> **Supplied data**:
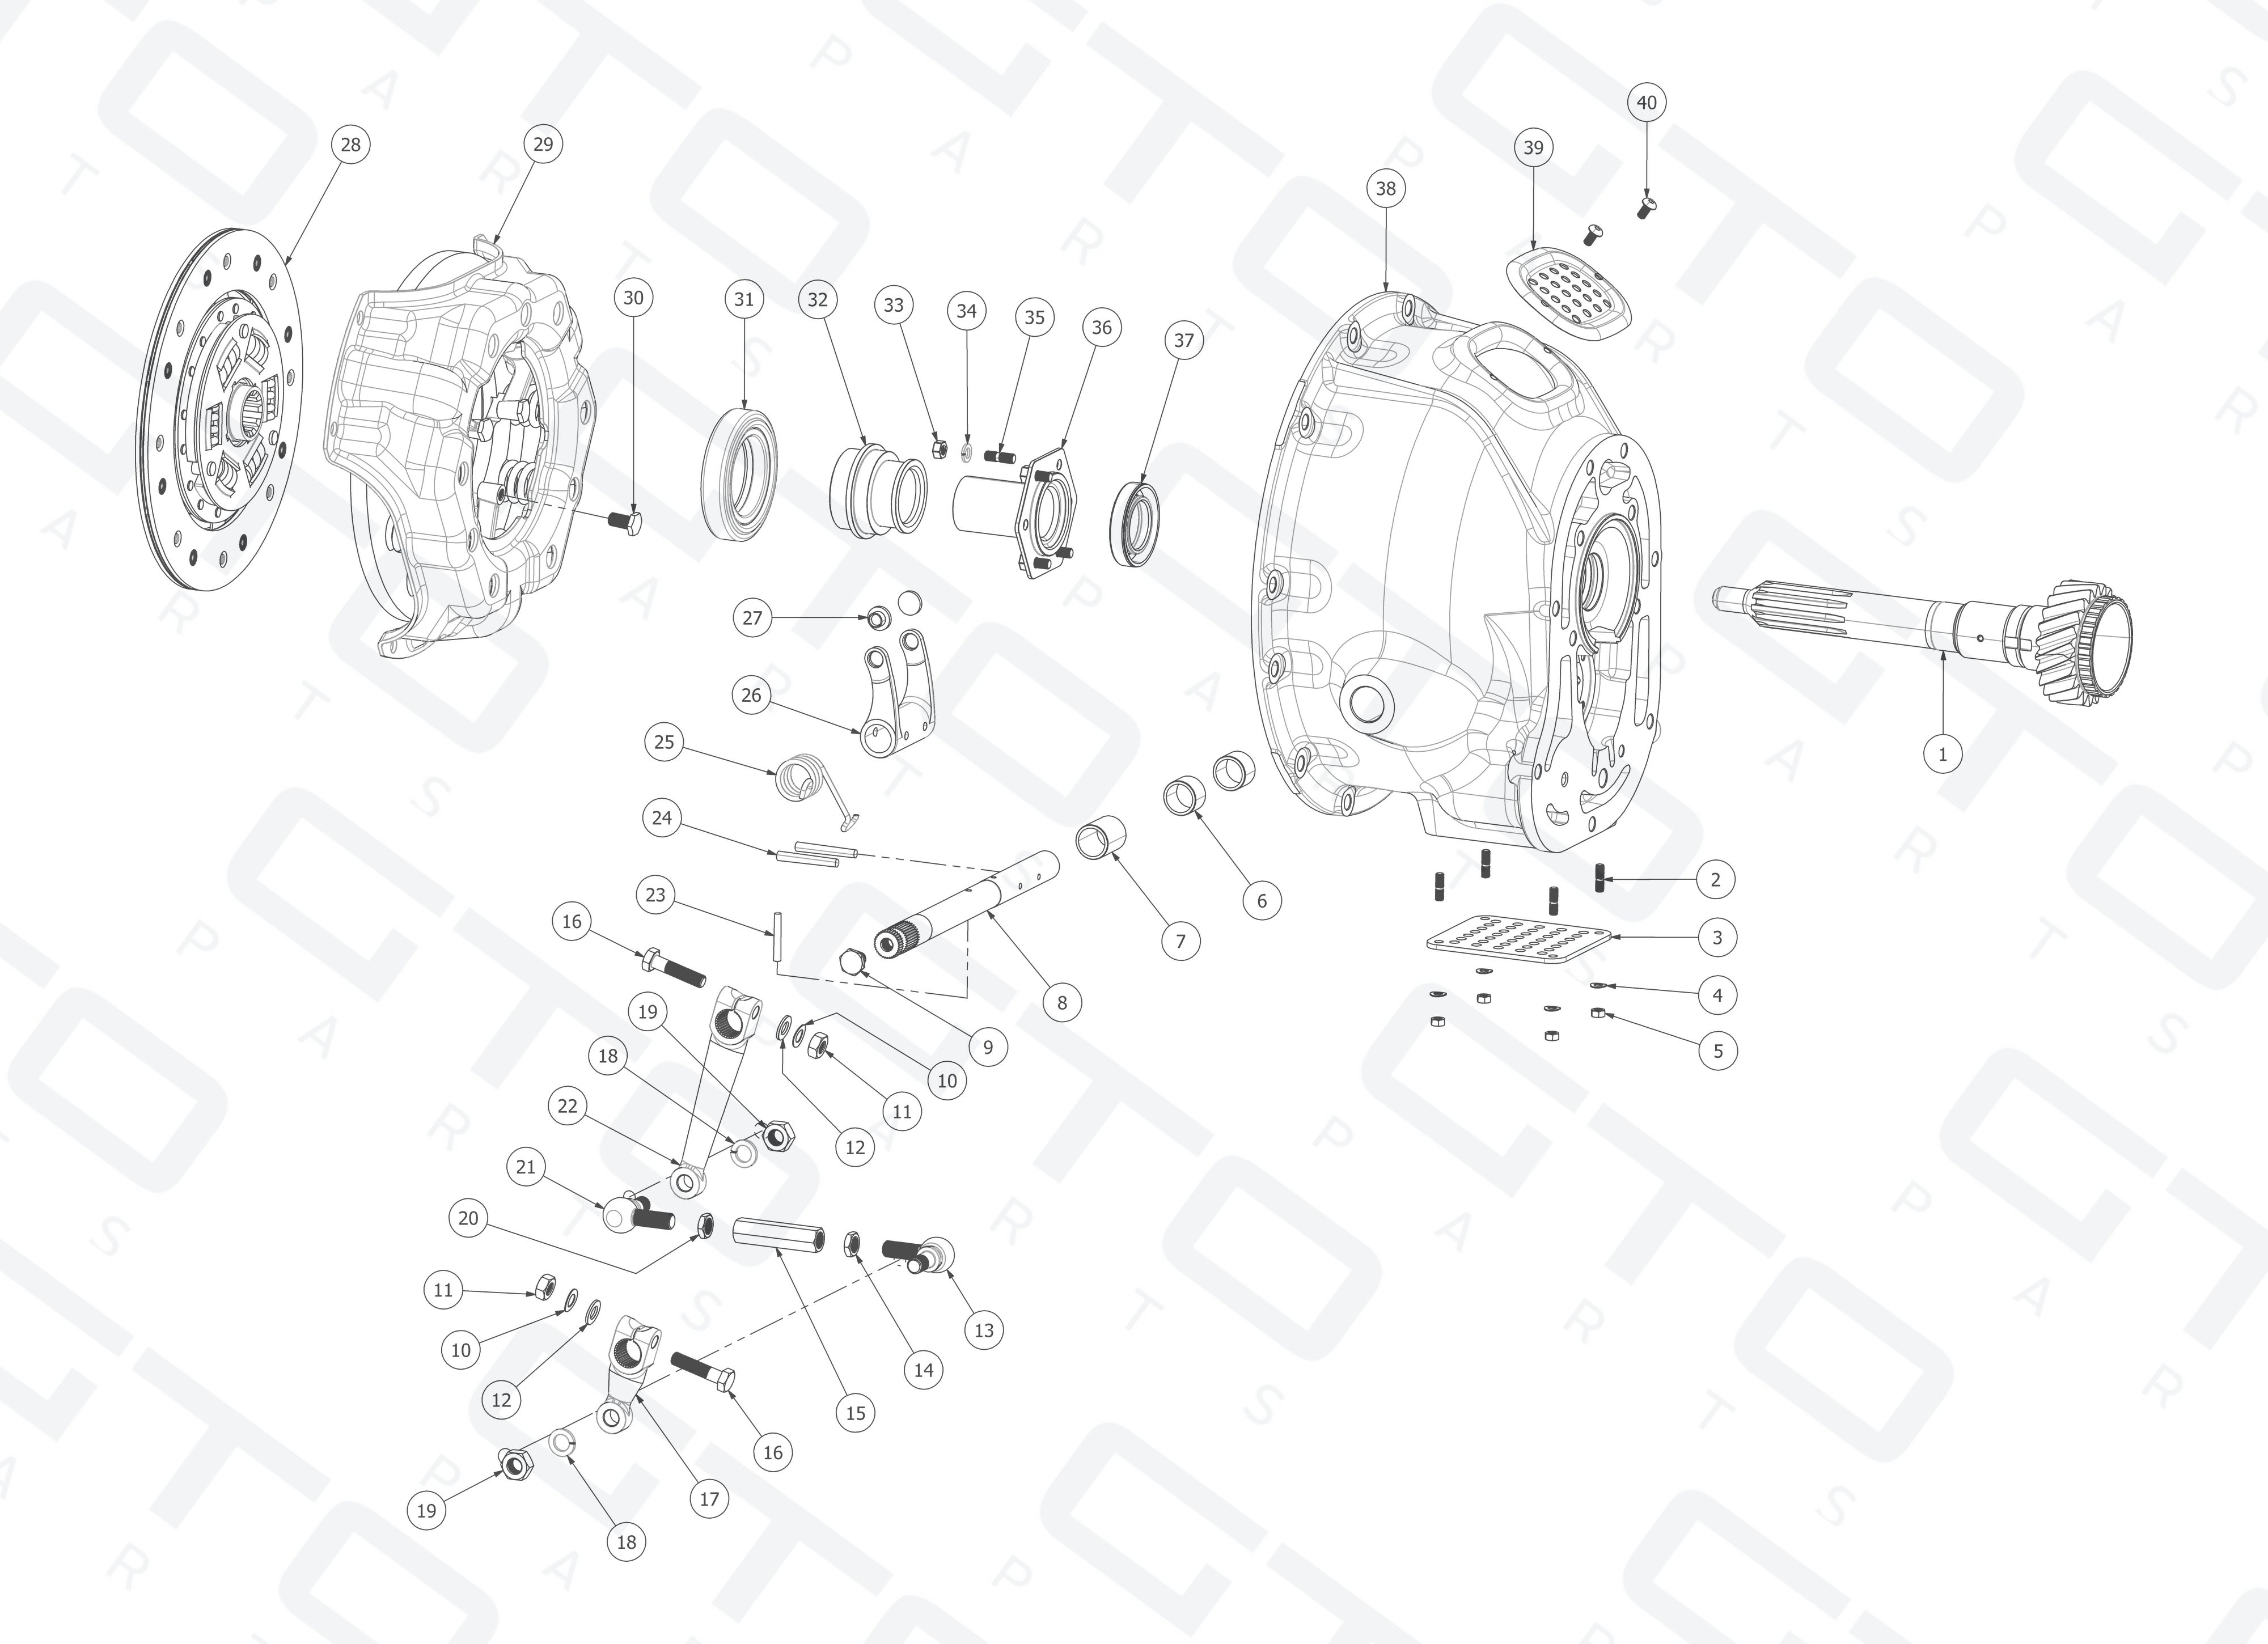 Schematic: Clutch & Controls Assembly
==
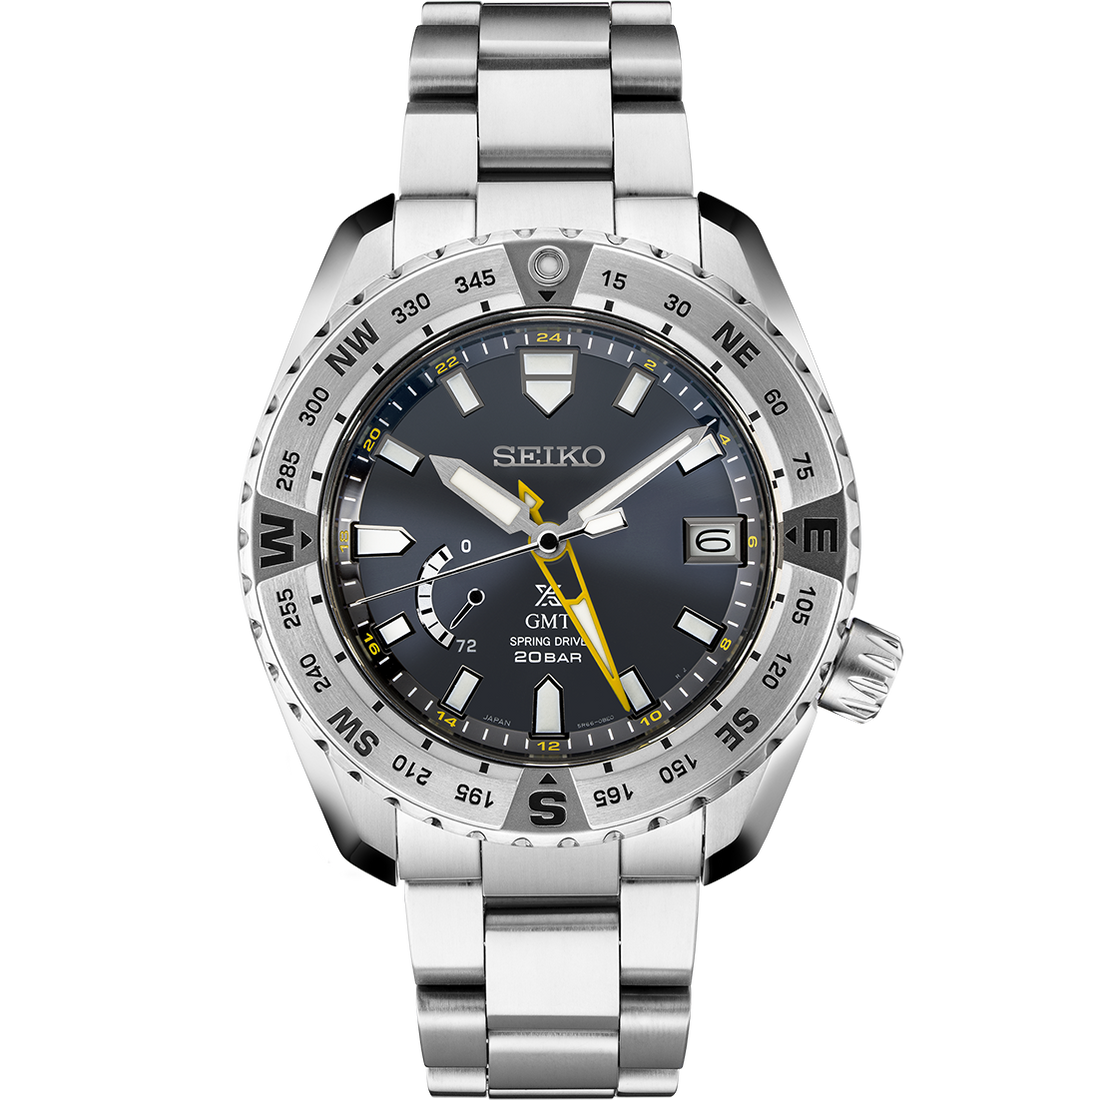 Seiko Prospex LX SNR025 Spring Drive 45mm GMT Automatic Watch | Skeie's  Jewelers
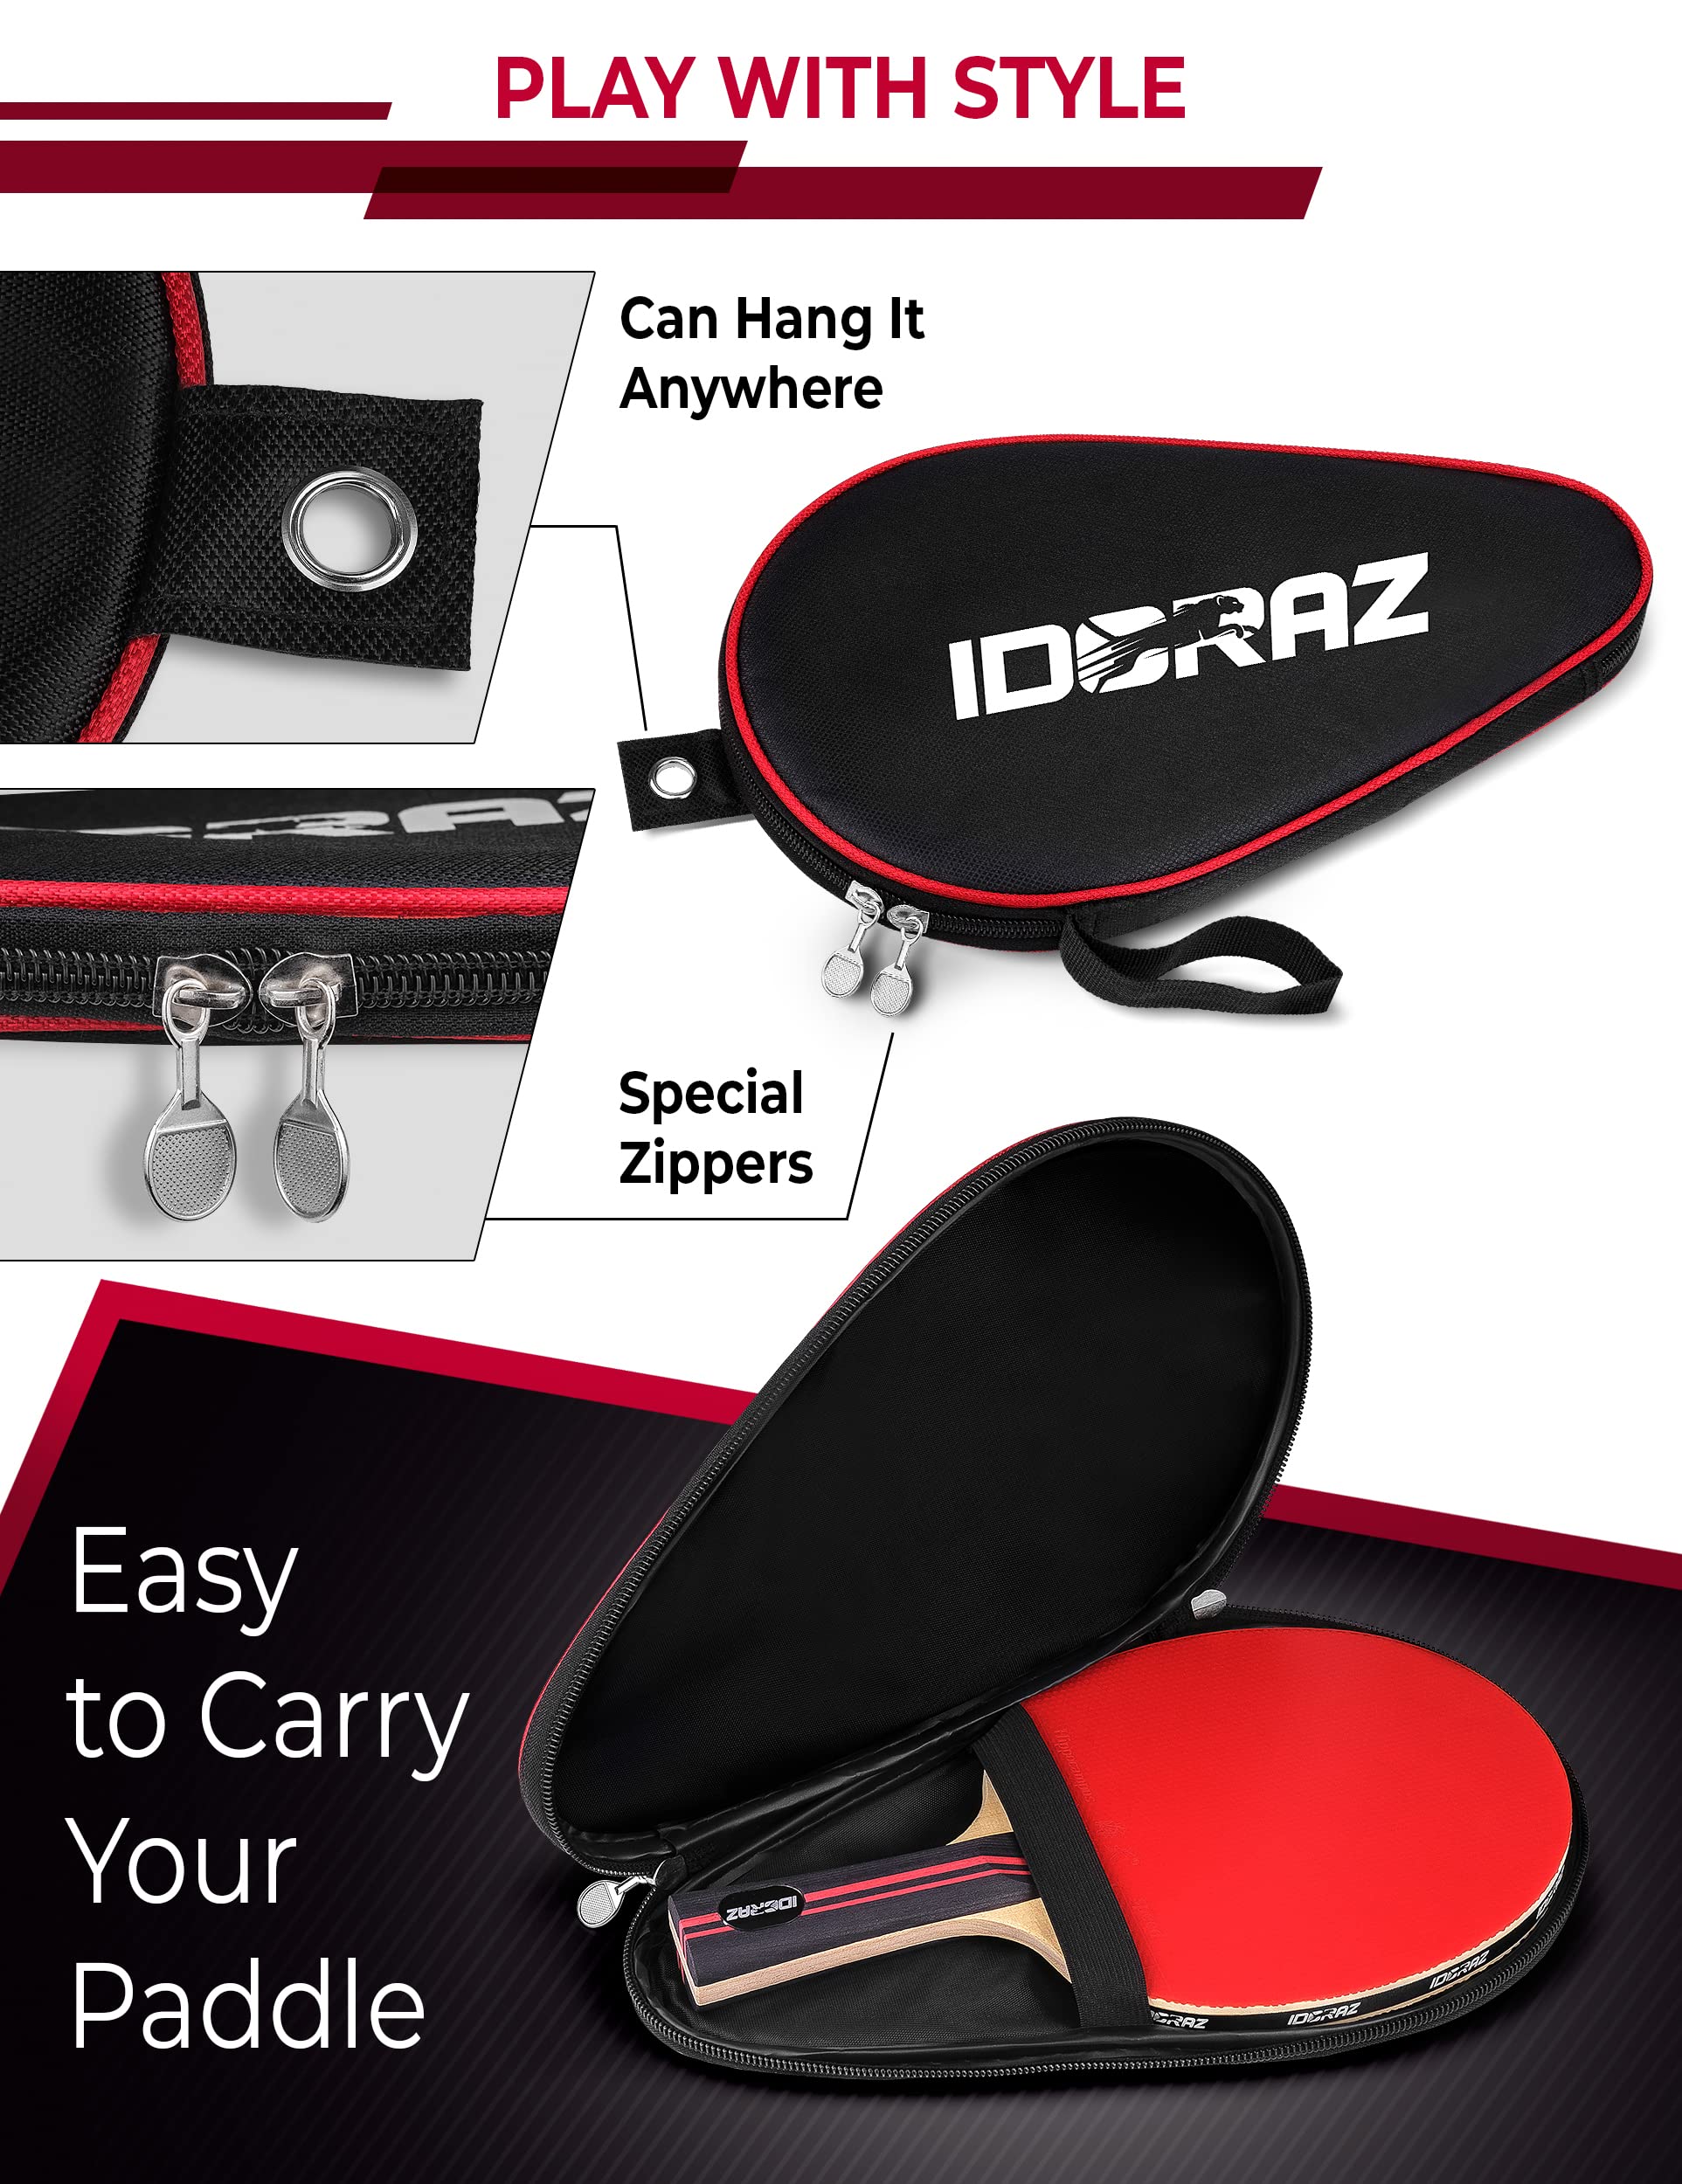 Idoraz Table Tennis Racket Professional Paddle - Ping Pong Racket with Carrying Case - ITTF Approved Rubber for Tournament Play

> **Instructions for the task**: Output exactly those lines of the data above that run from the line with "Seiko Prospex LX" up to and including the line with "Idoraz Table Tennis". No pictures go in.

> **Response to this exercise**:
 Seiko Prospex LX SNR025 Spring Drive 45mm GMT Automatic Watch | Skeie's  Jewelers
 Idoraz Table Tennis Racket Professional Paddle - Ping Pong Racket with Carrying Case - ITTF Approved Rubber for Tournament Play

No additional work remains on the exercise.